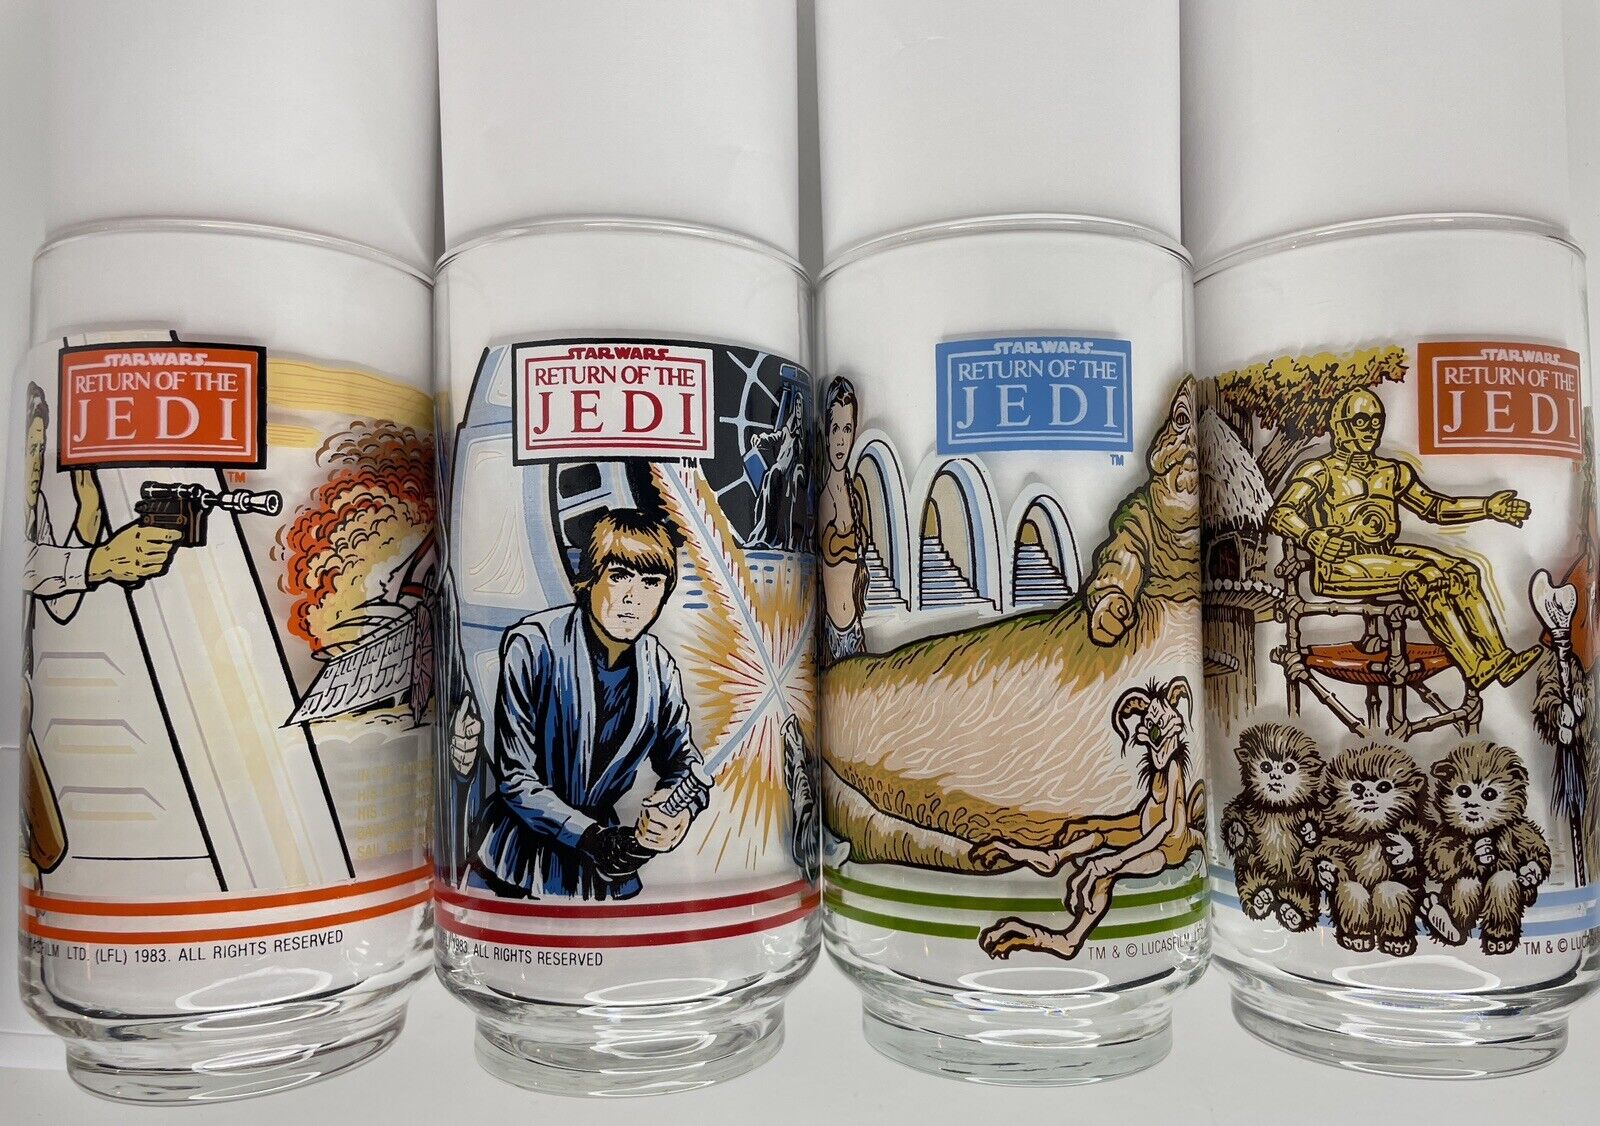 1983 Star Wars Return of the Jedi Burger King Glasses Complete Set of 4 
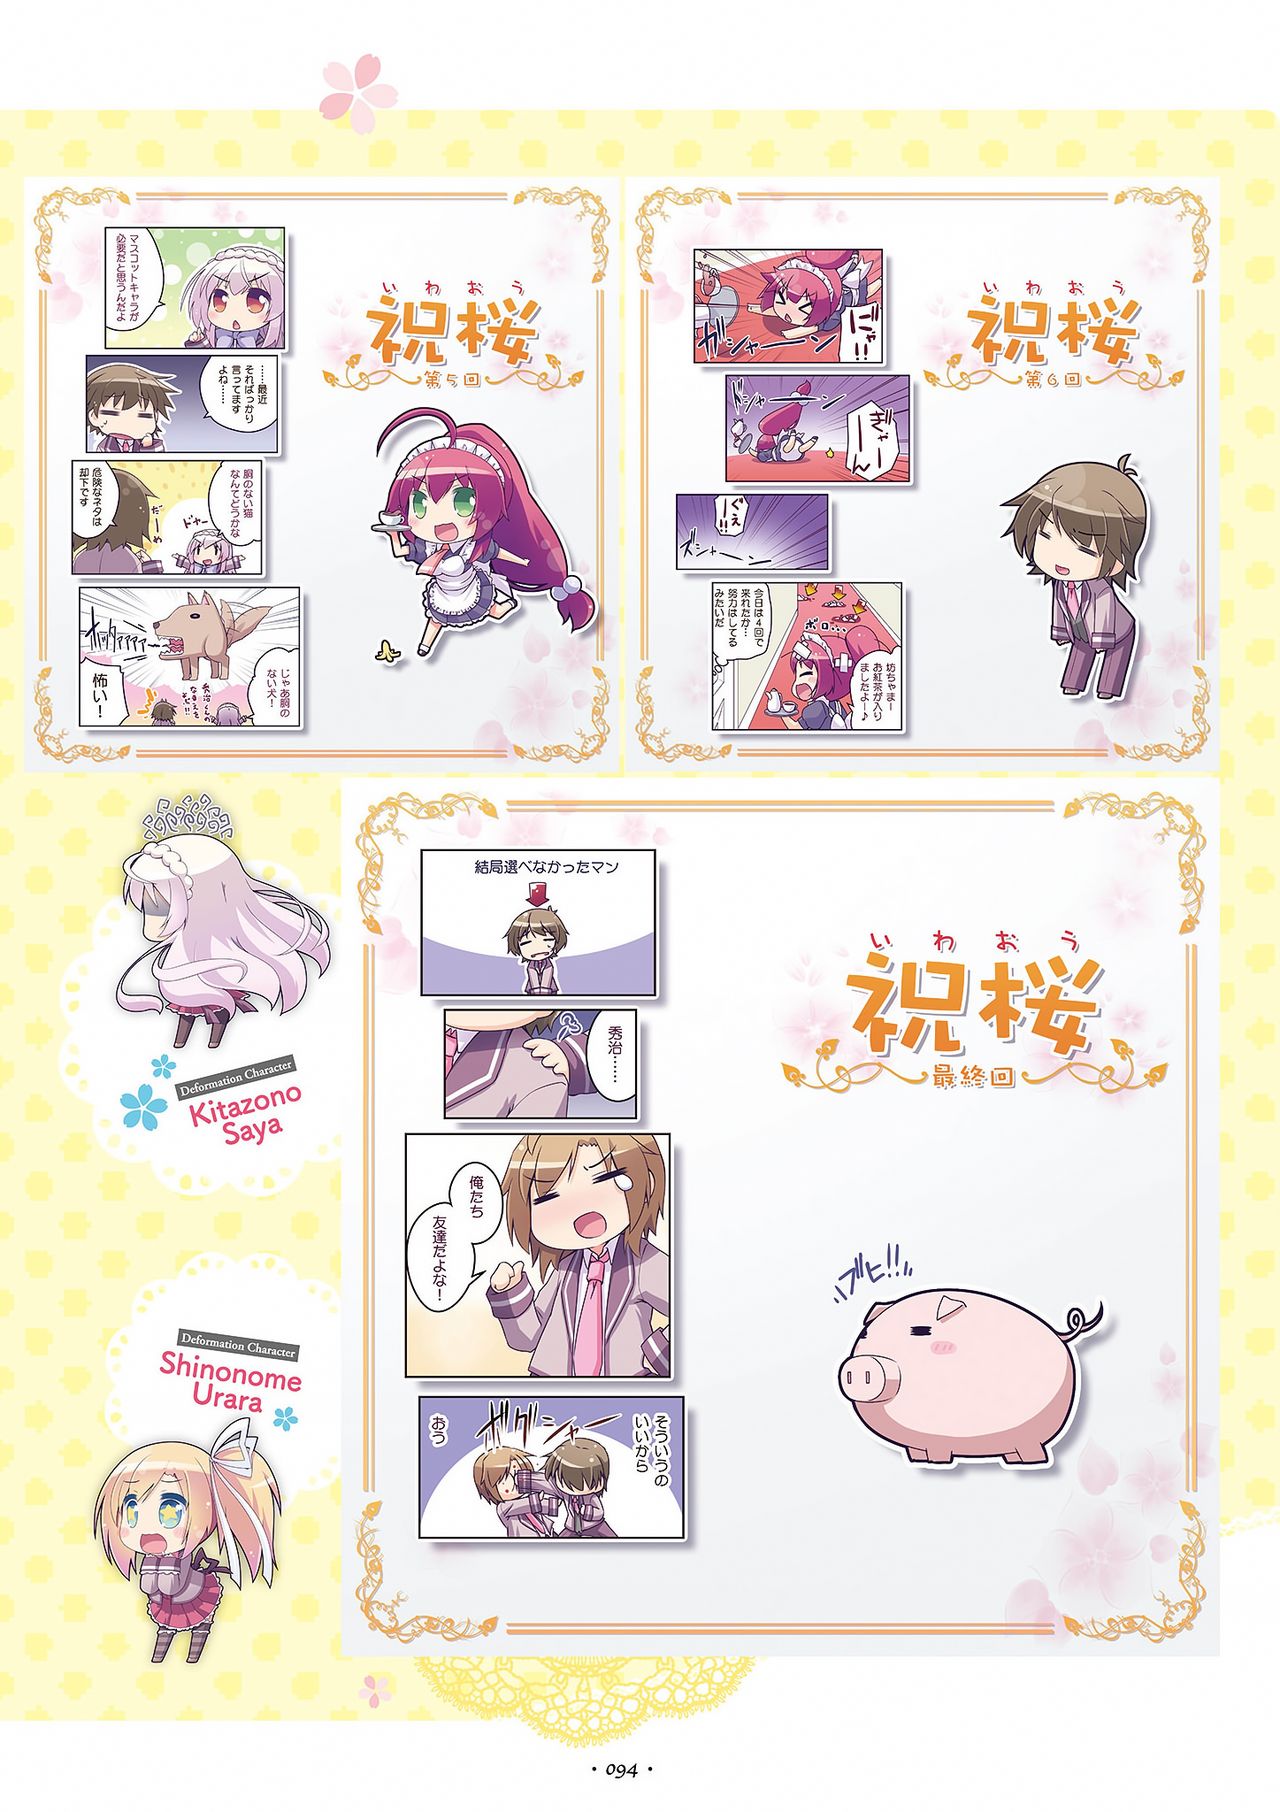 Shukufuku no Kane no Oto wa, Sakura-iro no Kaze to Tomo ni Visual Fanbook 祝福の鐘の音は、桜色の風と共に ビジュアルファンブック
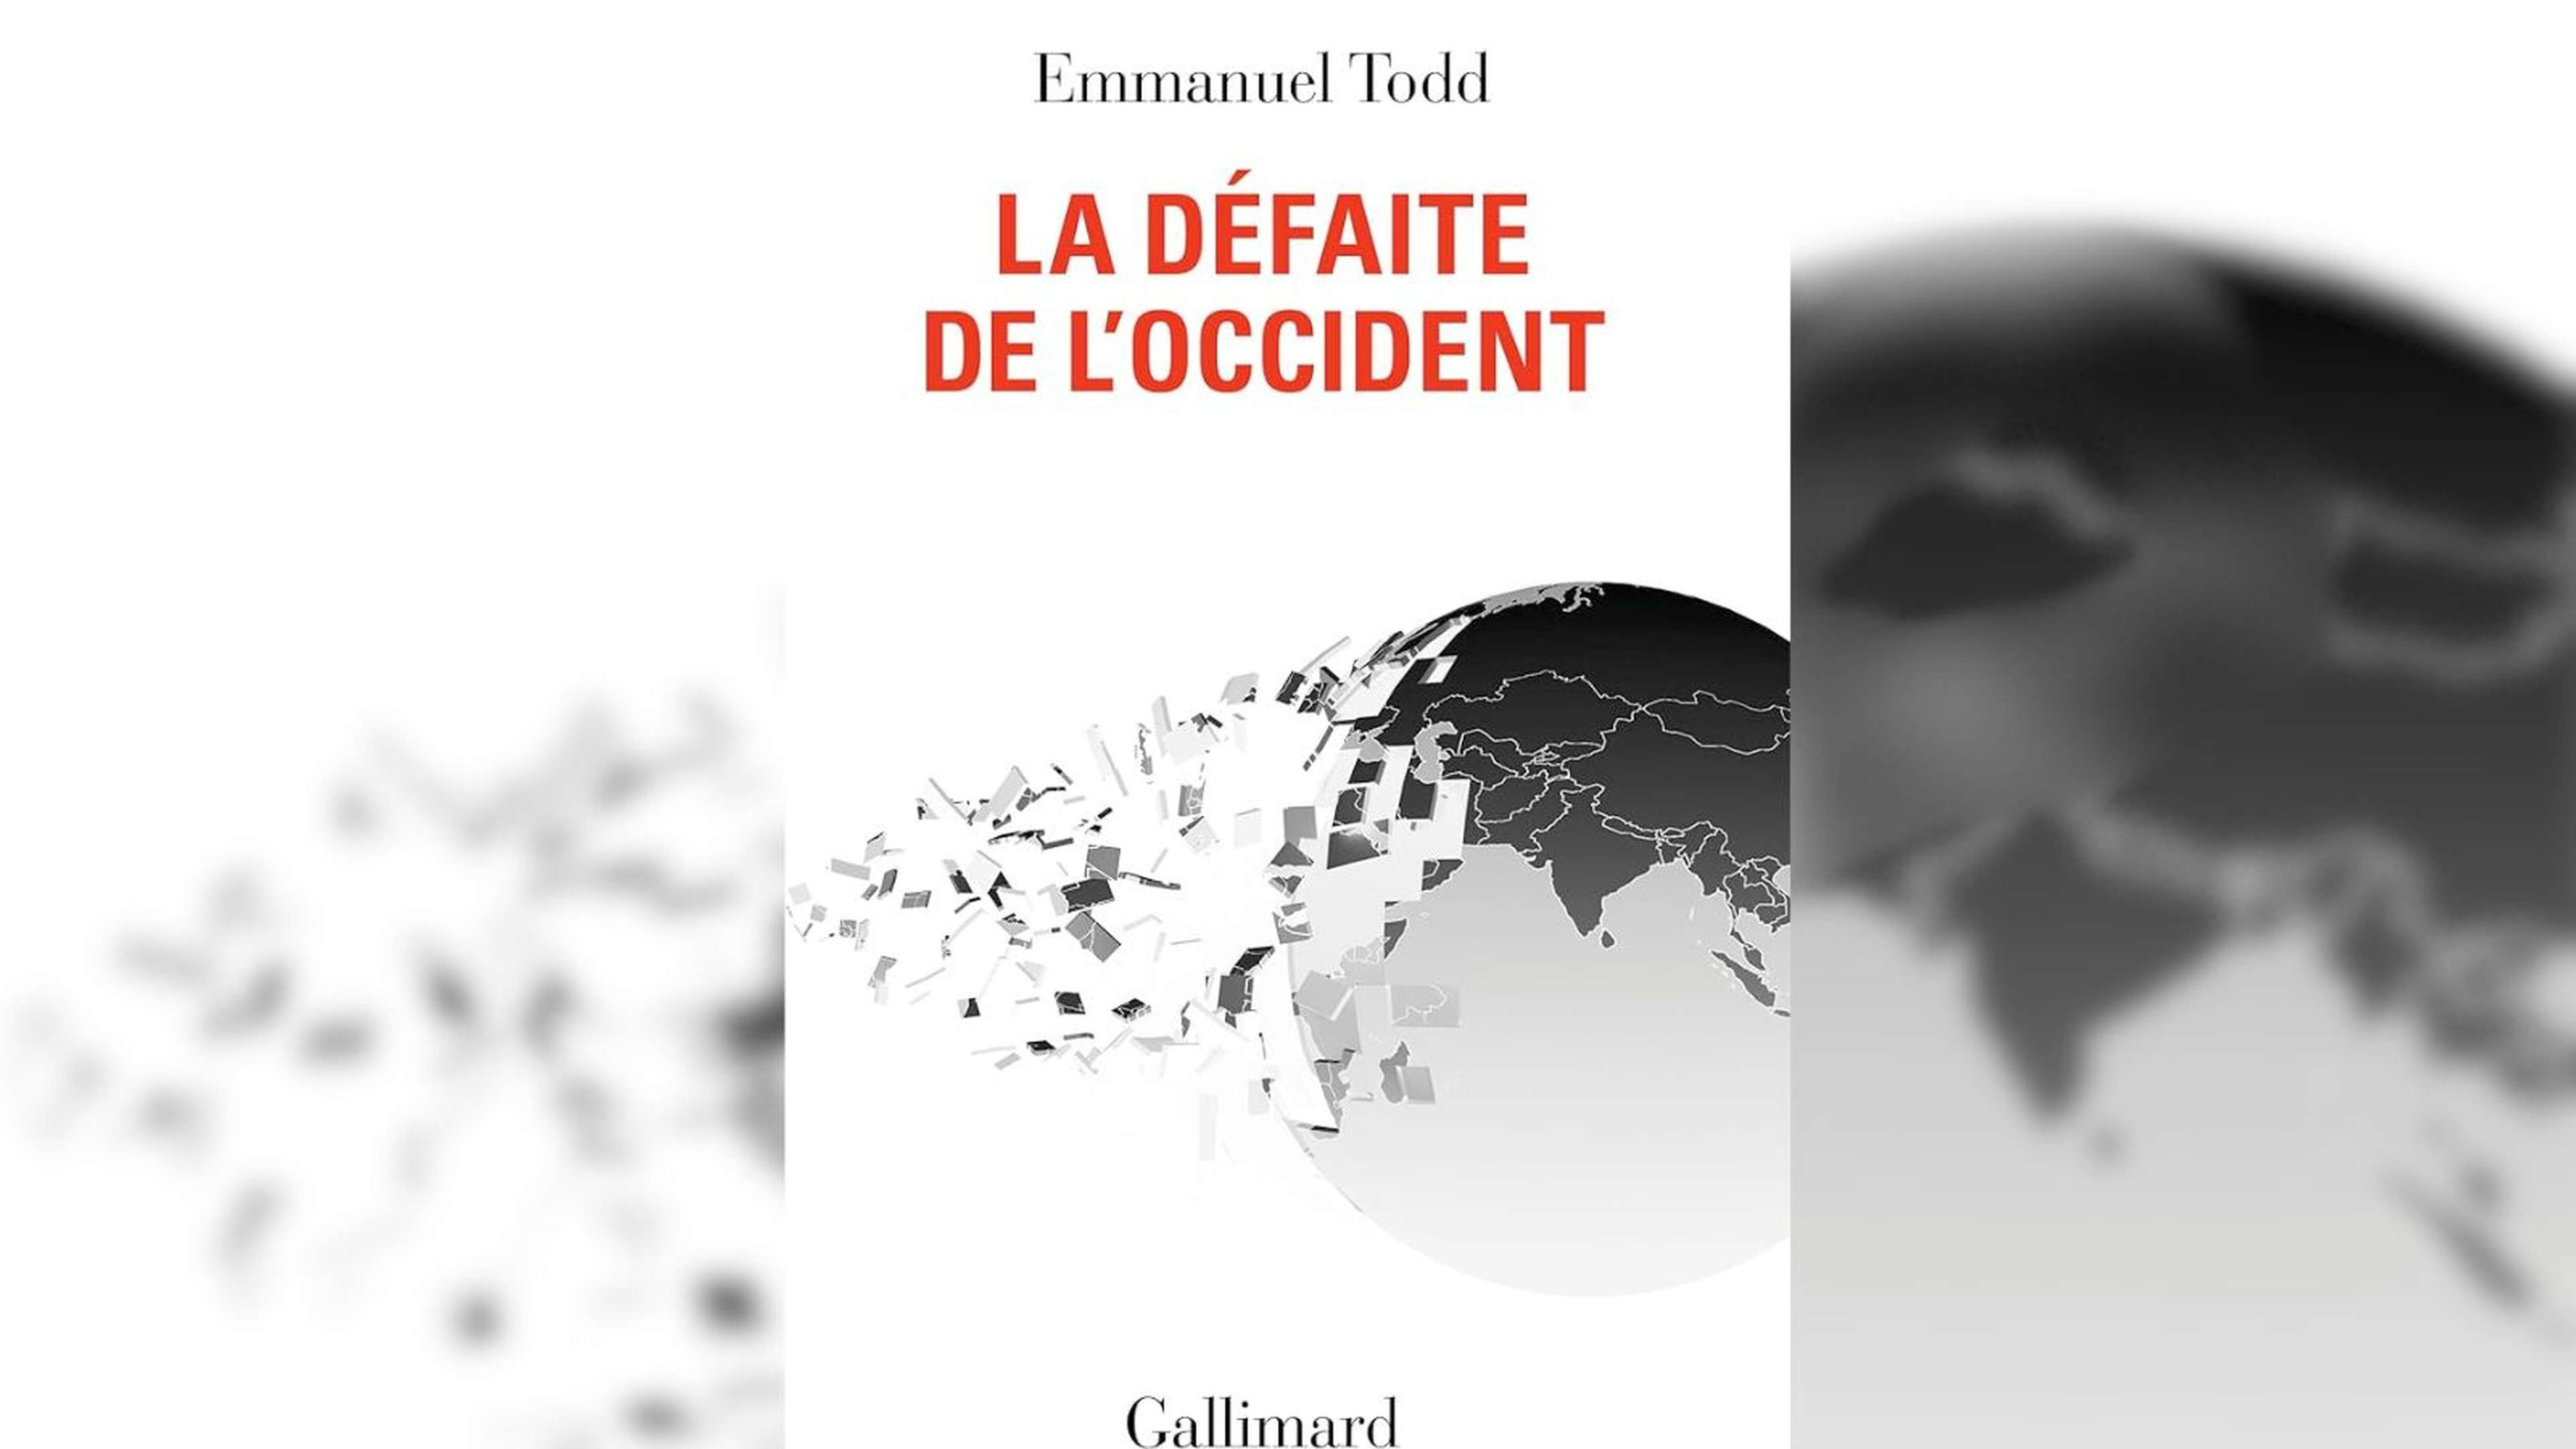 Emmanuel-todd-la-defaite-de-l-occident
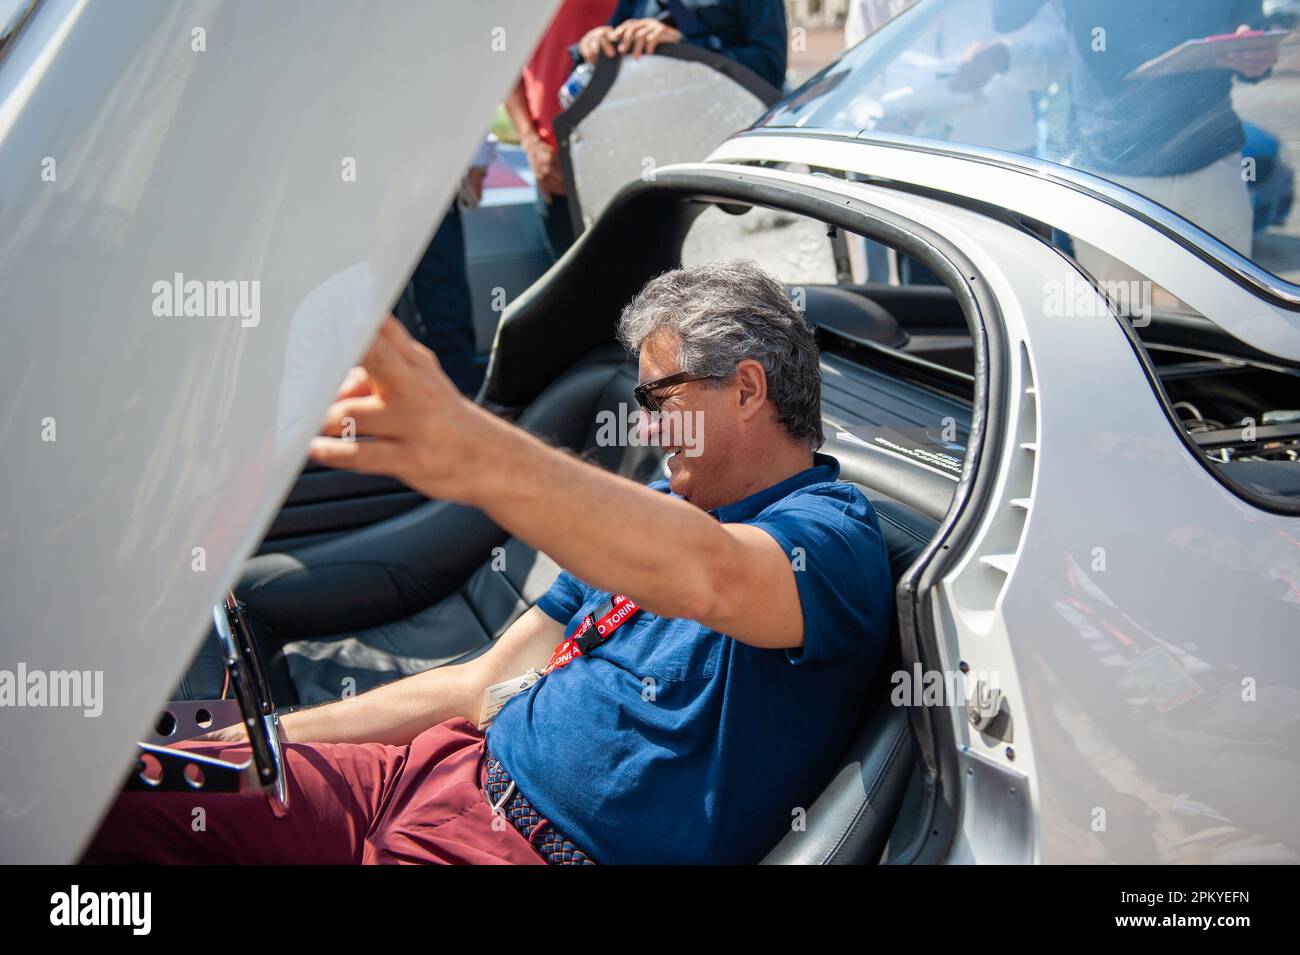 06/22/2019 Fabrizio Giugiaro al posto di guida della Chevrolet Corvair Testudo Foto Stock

▸ **What is being asked**
Restate the material word for word; no picture should appear in the copy.

▸ **Completed exercise**
 1983 Star Wars Return of the Jedi Burger King Glasses Complete Set of 4 
 Shukufuku no Kane no Oto wa, Sakura-iro no Kaze to Tomo ni Visual Fanbook 祝福の鐘の音は、桜色の風と共に ビジュアルファンブック
 Emmanuel-todd-la-defaite-de-l-occident
 06/22/2019 Fabrizio Giugiaro al posto di guida della Chevrolet Corvair Testudo Foto Stock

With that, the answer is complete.